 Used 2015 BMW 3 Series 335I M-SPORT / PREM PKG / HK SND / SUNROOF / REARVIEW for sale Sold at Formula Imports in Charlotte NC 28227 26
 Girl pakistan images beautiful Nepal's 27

* * *

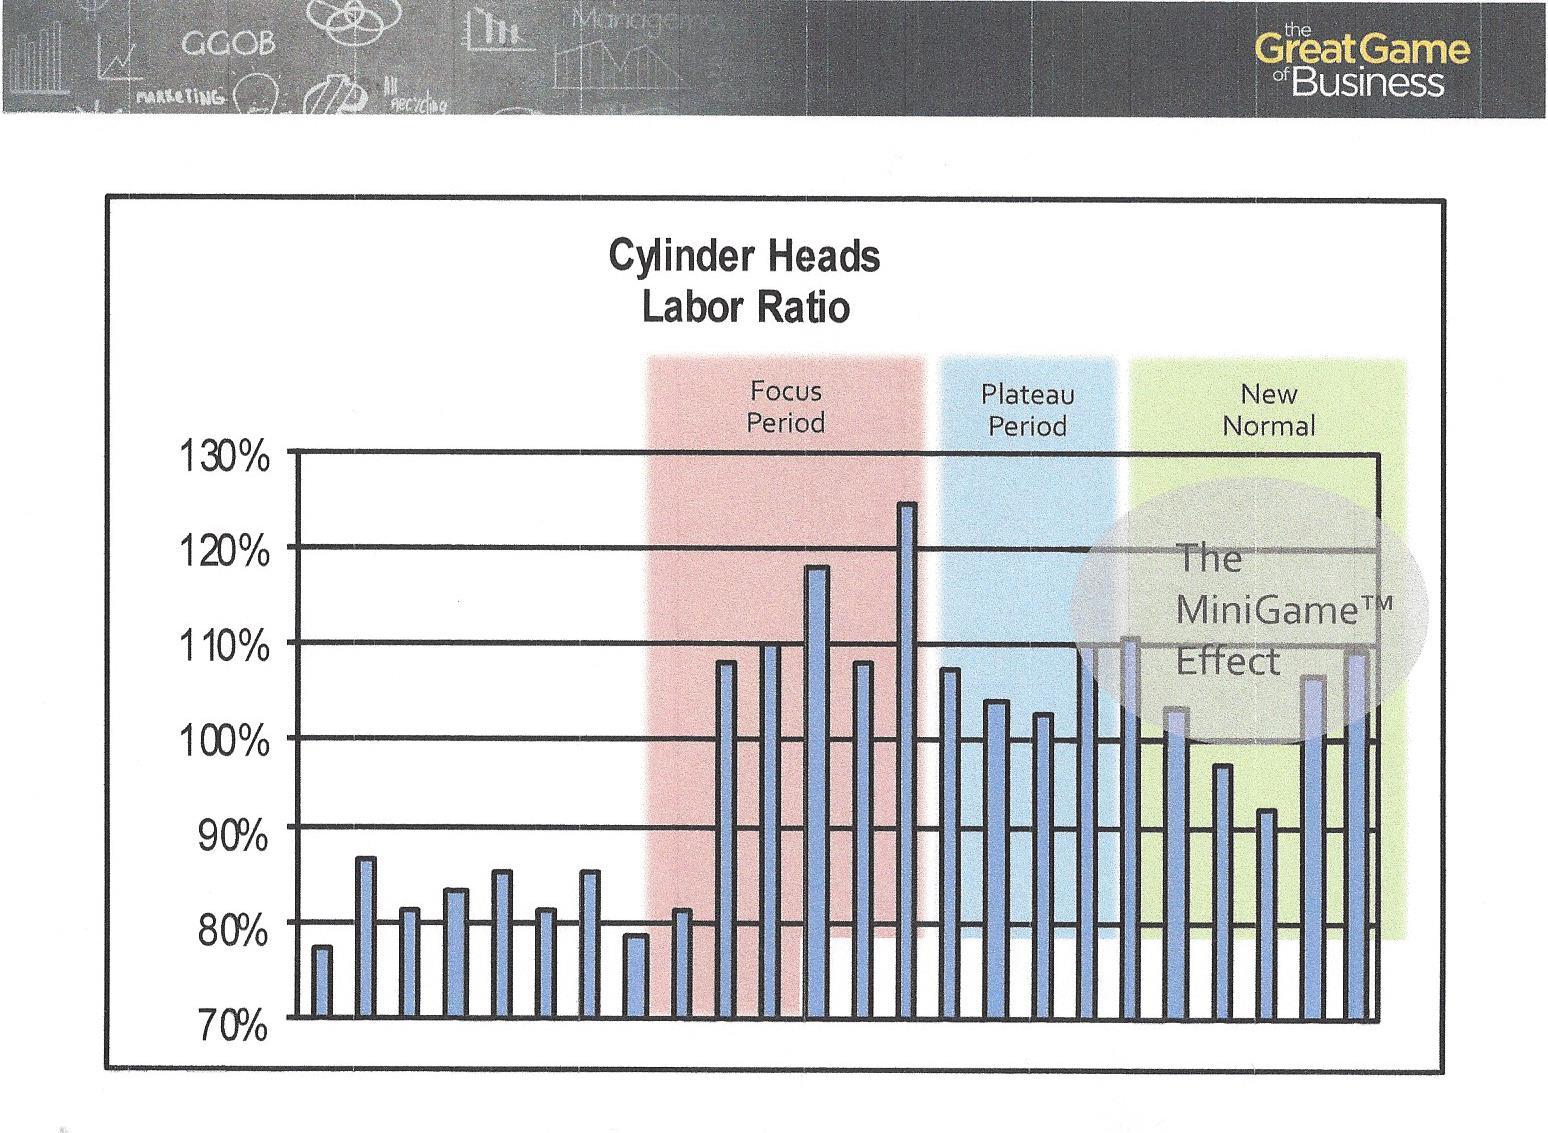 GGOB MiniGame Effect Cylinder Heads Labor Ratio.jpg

---

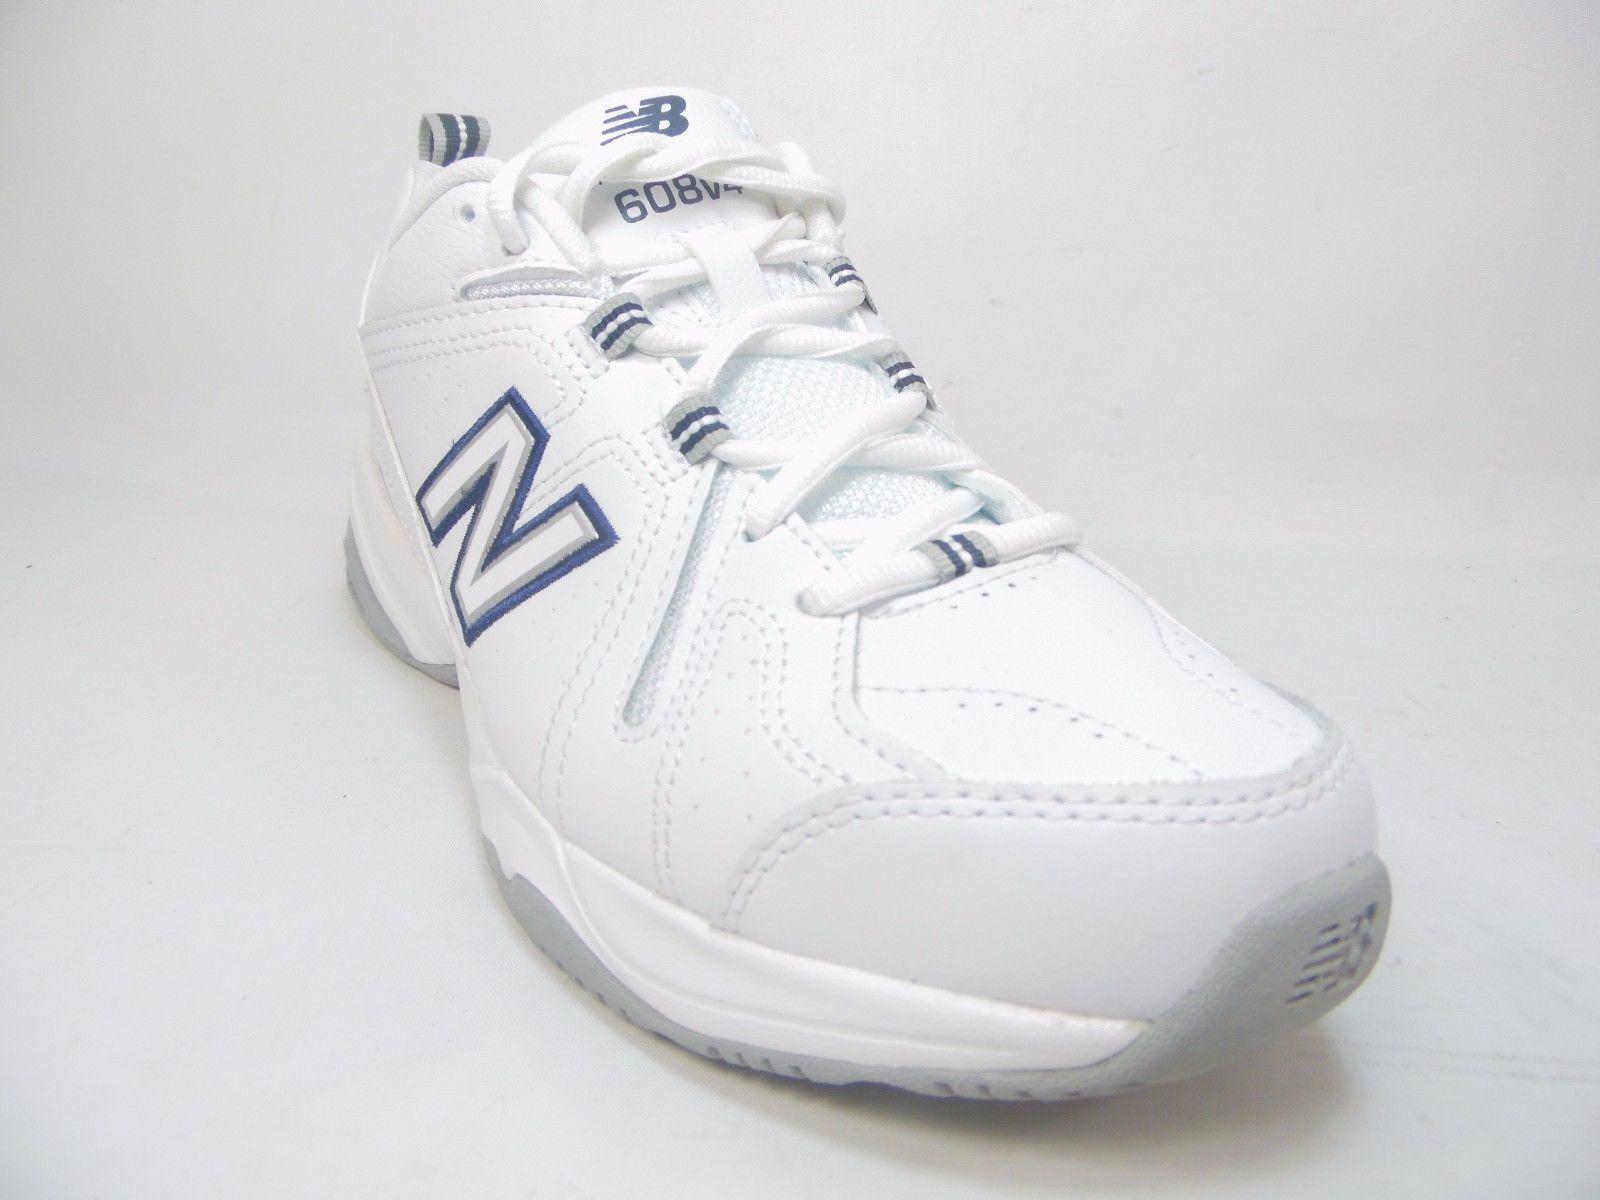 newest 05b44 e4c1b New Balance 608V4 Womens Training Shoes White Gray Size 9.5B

**Problem requirements:**
From the entries above, return exactly the line containing "Used 2015 BMW", the line containing "Girl pakistan images beautiful Nepal's 27", and all lines between, and nothing else.

**Answer to the problem:**
 Used 2015 BMW 3 Series 335I M-SPORT / PREM PKG / HK SND / SUNROOF / REARVIEW for sale Sold at Formula Imports in Charlotte NC 28227 26
 Girl pakistan images beautiful Nepal's 27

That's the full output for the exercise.